Should Sec. of State, the ‘junk drawer’ of state government, be nonpartisan?

Washington’s secretary of state is an interesting job.

In a lot of ways, it’s pretty administrative. They supervise the state archives. They coordinate implementation of the state’s records management laws. But what they’ve become most well known for is supervising and certifying state and local elections.

Some say, to do that job properly, the position should be nonpartisan.

Cornell Clayton.
Clayton

Cornell Clayton is the director of the Thomas S. Foley Institute for Public Policy and Public Service at Washington State University, where he also serves as the C.O. Johnson Distinguished Professor of Political Science. He says there’s a history to the position’s partisan nature.

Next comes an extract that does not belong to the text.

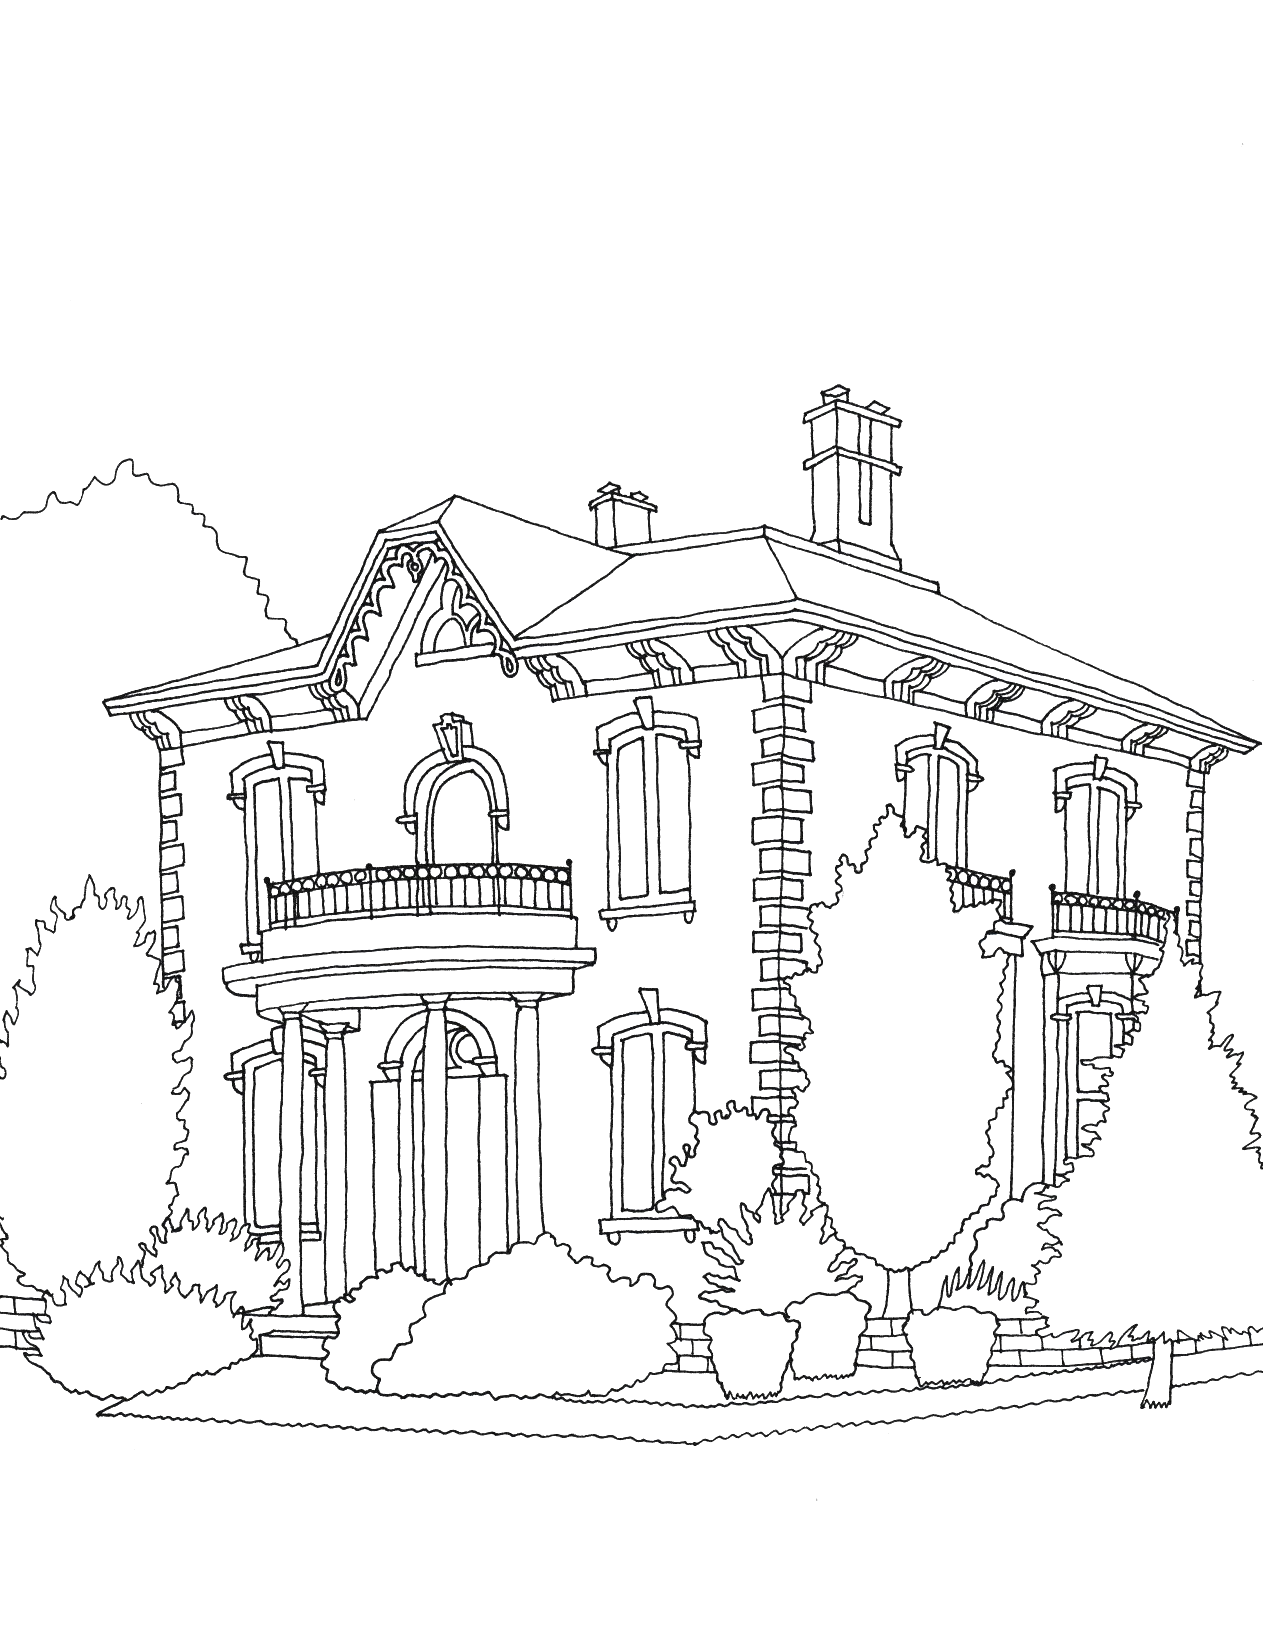 Architecture Coloring Pages Printable Pdf - Printable Architecture Coloring Pages

“It is a result of the fact that our constitution was created during the progressive era and the populist era — in the 1880s, 1890s,” Clayton said. “And many of the states that created their constitutions at that time were impacted by the desire to have more direct democracy. And so almost all of their executive branch officials, and many of their judicial branch officials are directly elected, and that includes the secretary of state in Washington.”

In other words, it was created to be a partisan system. Government officials wanted to weed out corruption in the system. Creating positions that were accountable to voters seemed like the way to do that. During less tumultuous times, Clayton says the system works.